▸ Task directions: What is needed is the exact text of each line in the listing below from the one with "FLOCKED AIR - Inflatable bed - single bed" up to and including the one with "A delicious millefeuille", and no pictures.

▸ Entries provided:

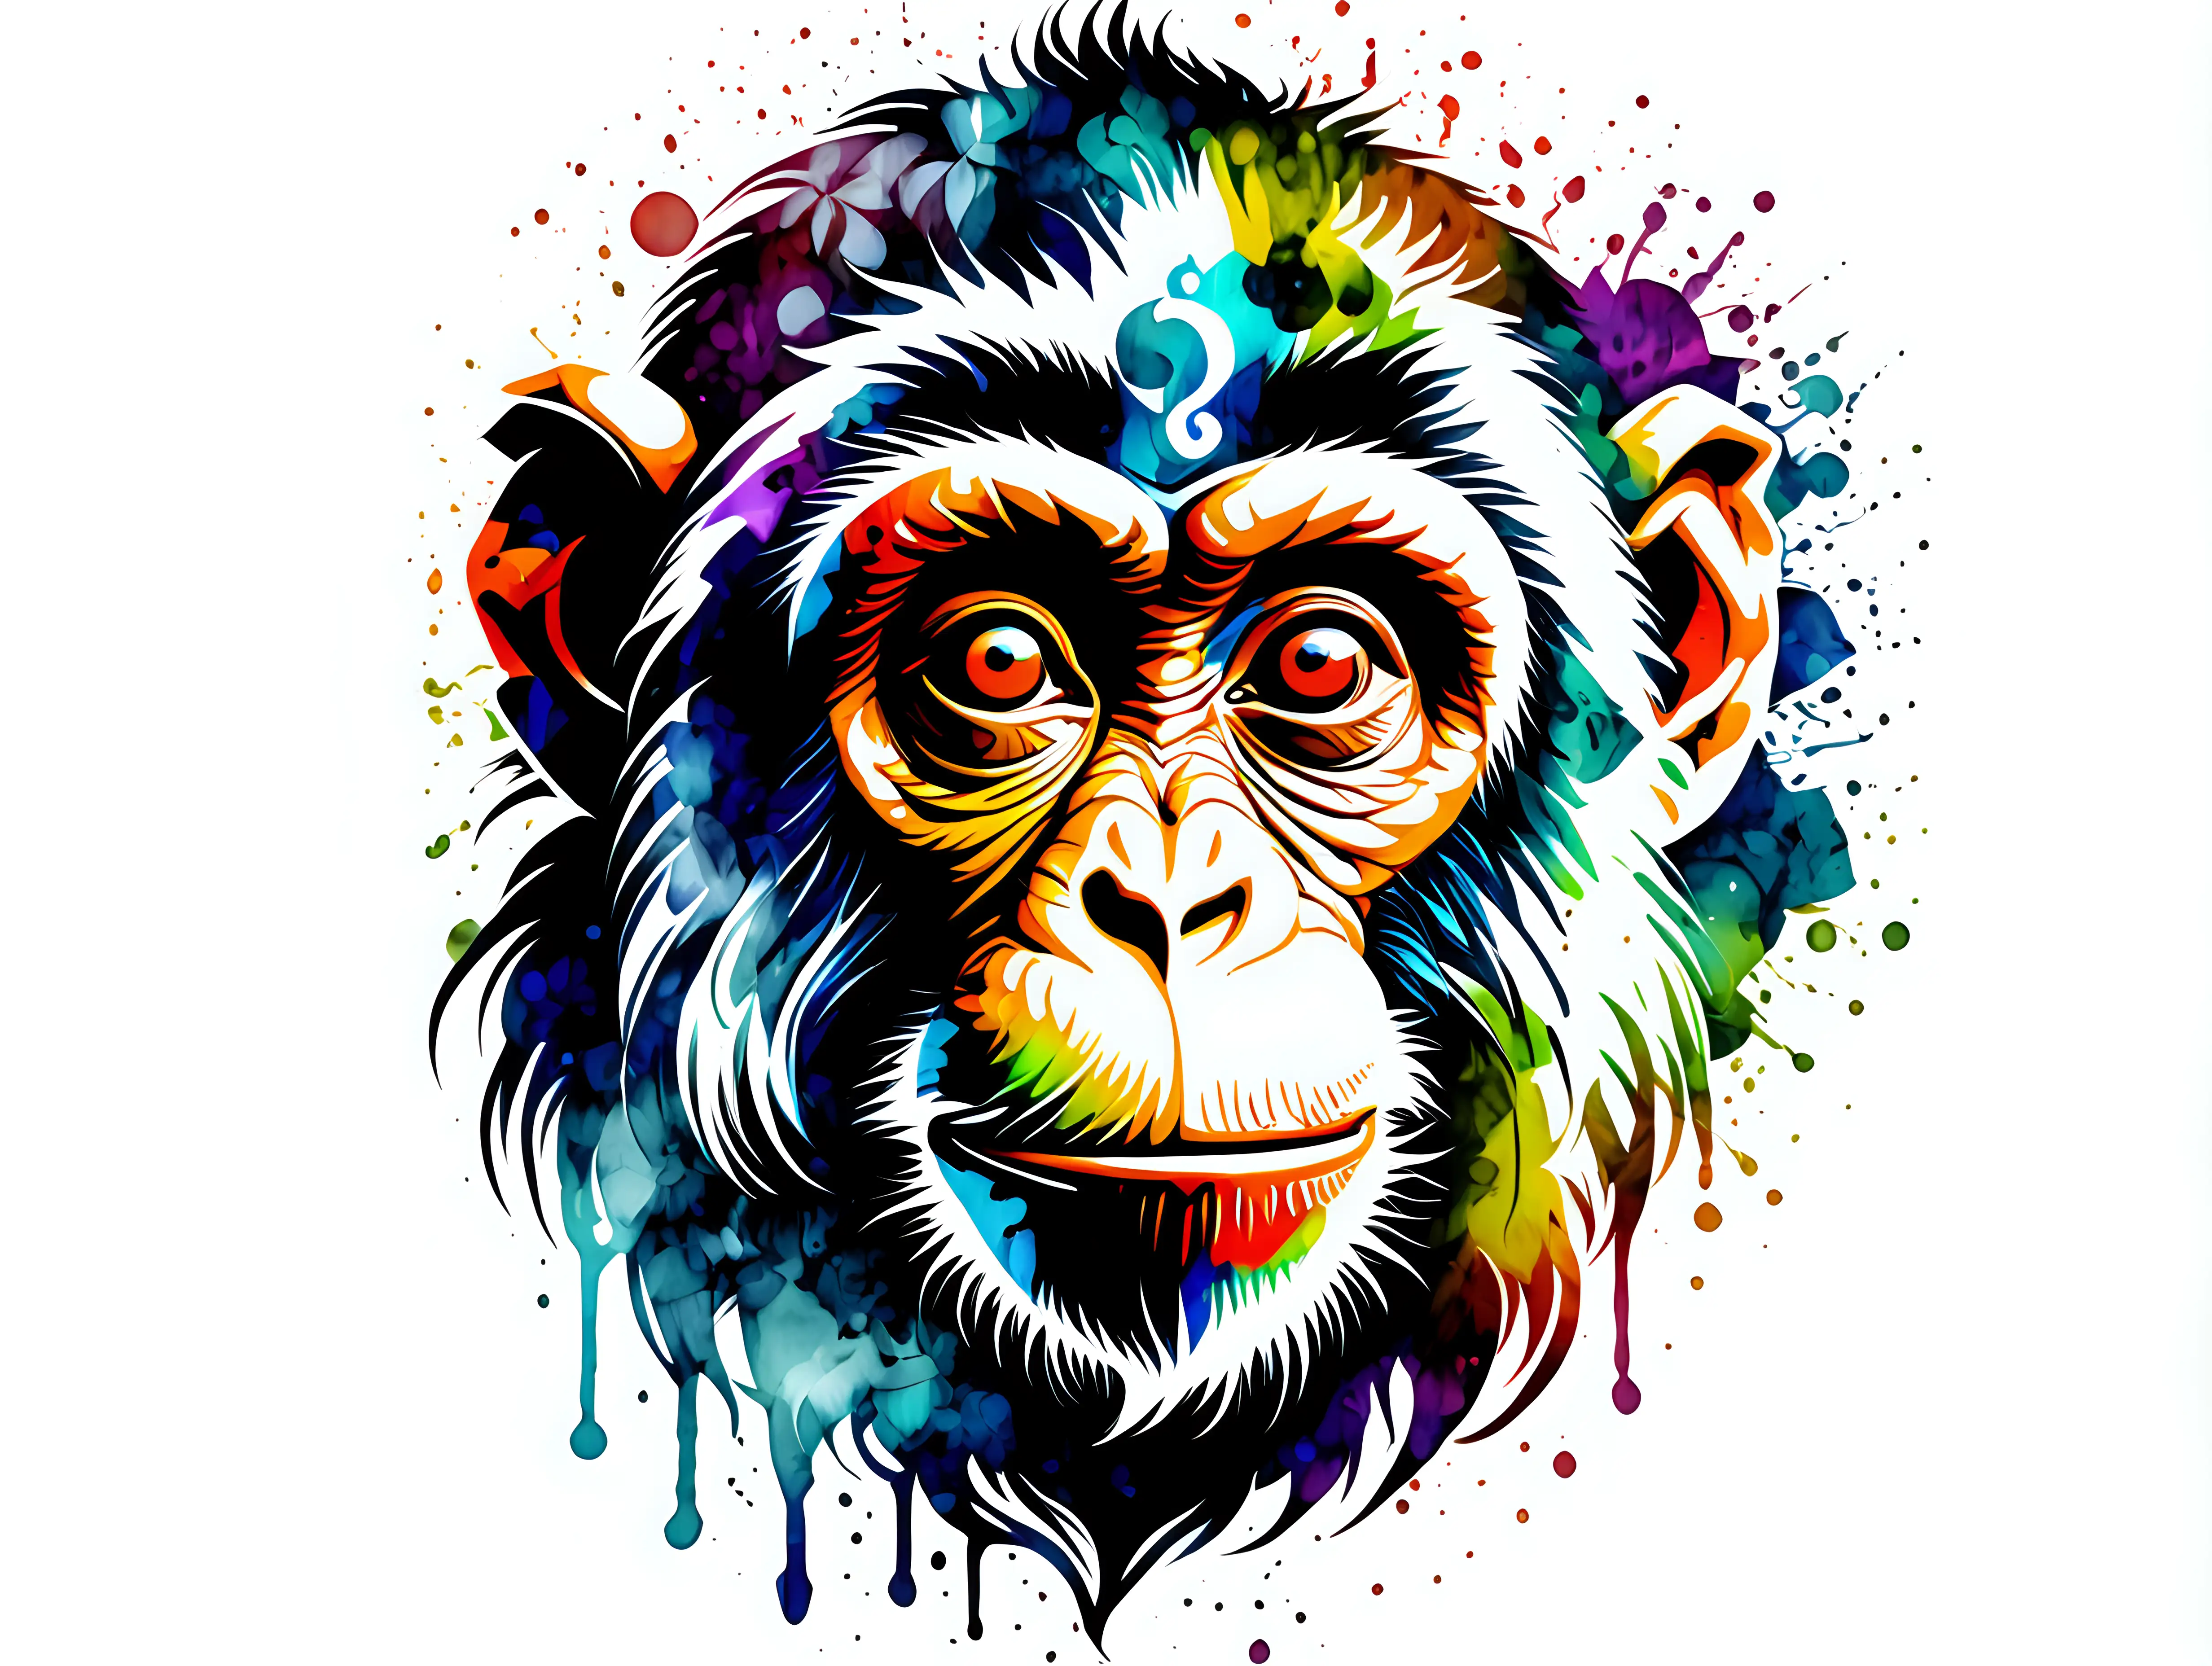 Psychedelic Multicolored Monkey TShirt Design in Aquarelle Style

--

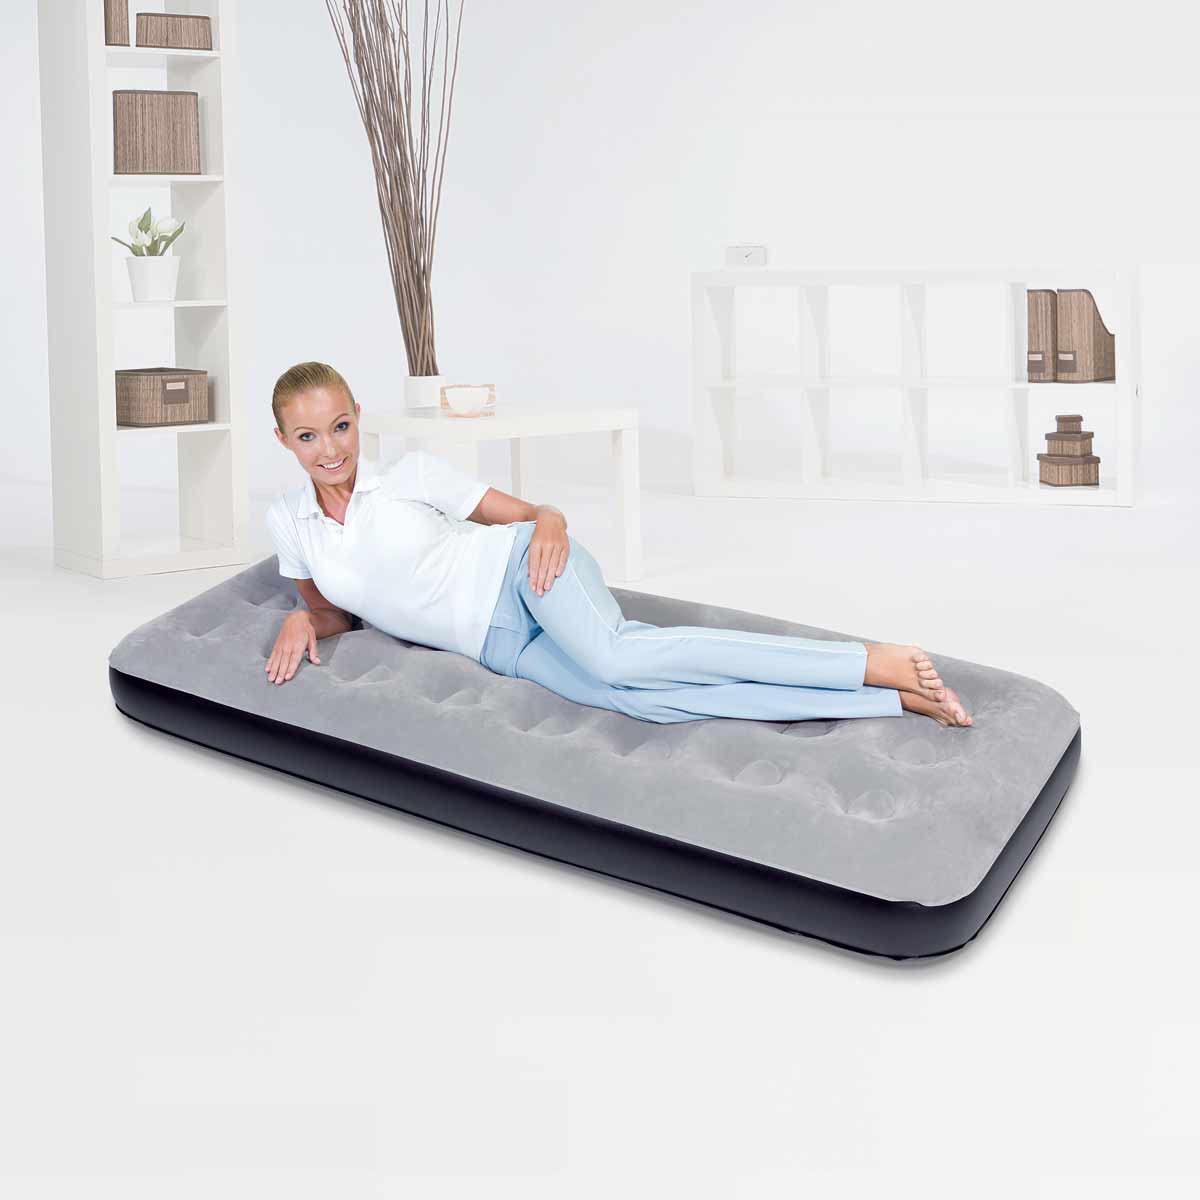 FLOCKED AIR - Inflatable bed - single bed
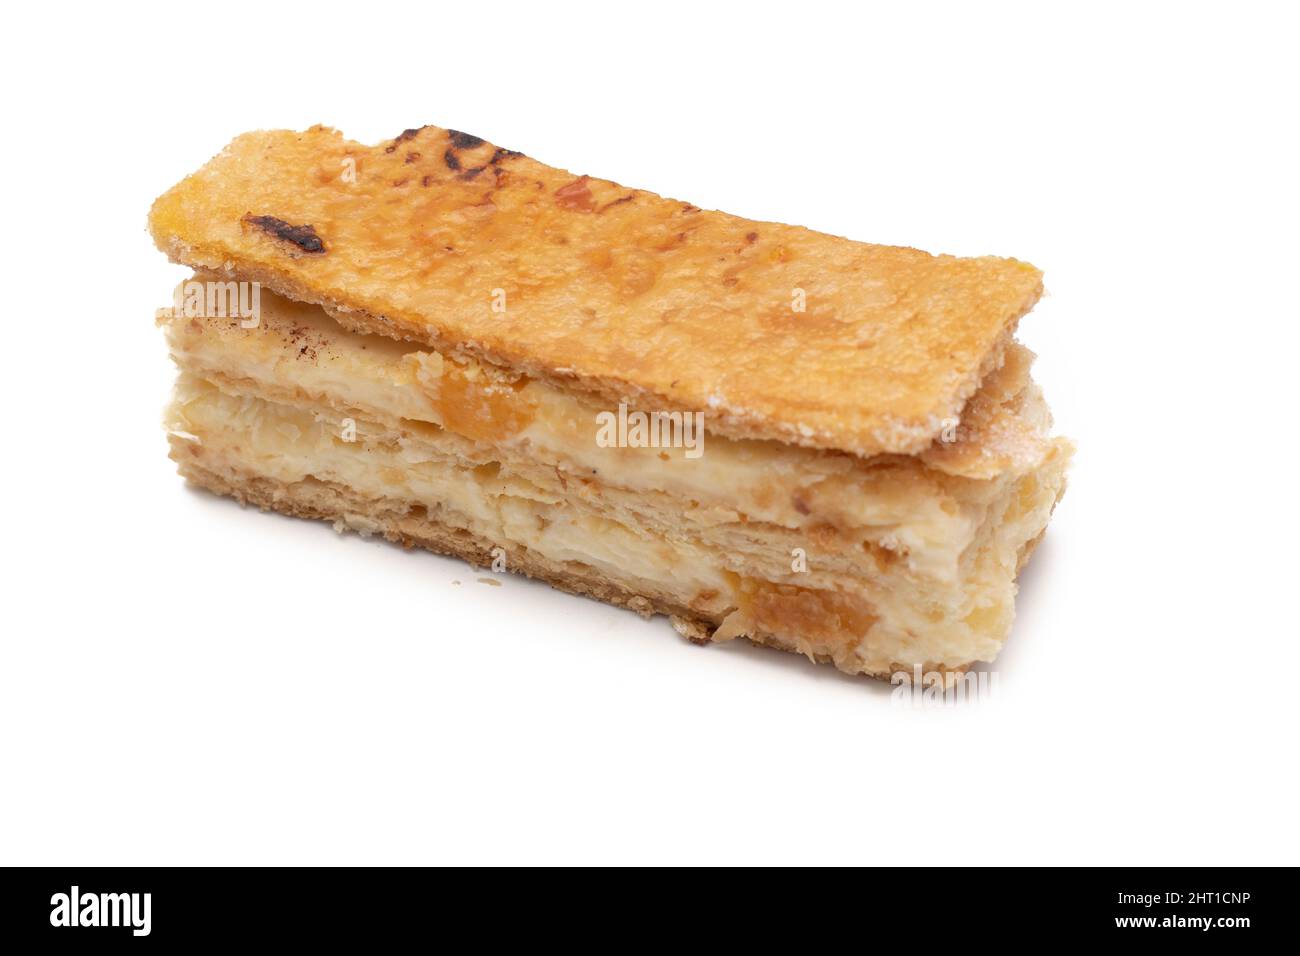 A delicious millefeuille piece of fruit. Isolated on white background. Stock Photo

==

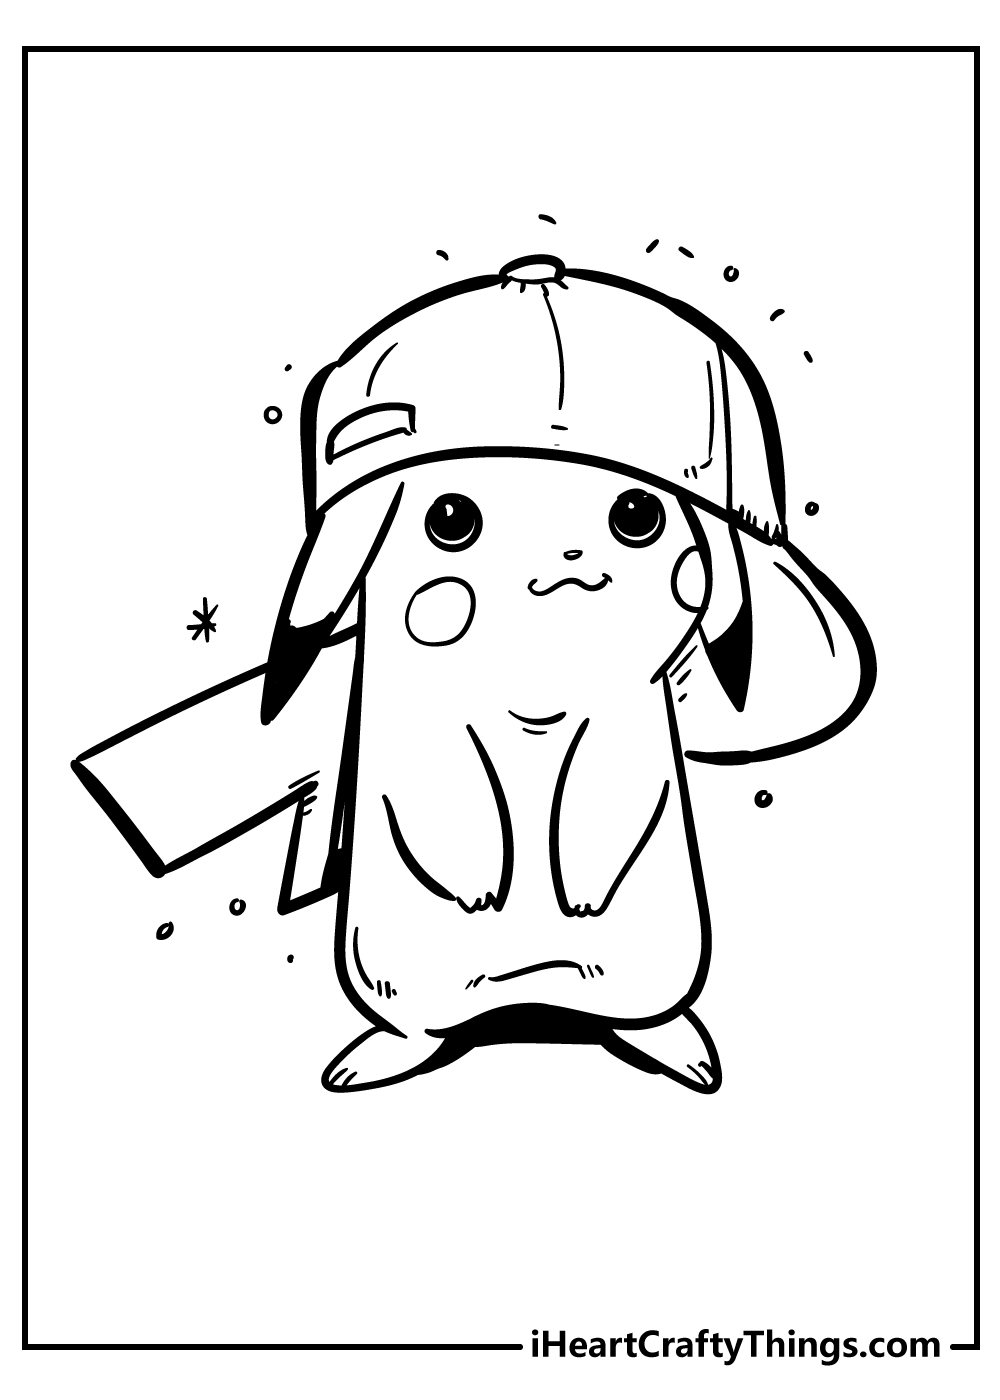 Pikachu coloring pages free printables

▸ Written reply:
 FLOCKED AIR - Inflatable bed - single bed
 A delicious millefeuille piece of fruit. Isolated on white background. Stock Photo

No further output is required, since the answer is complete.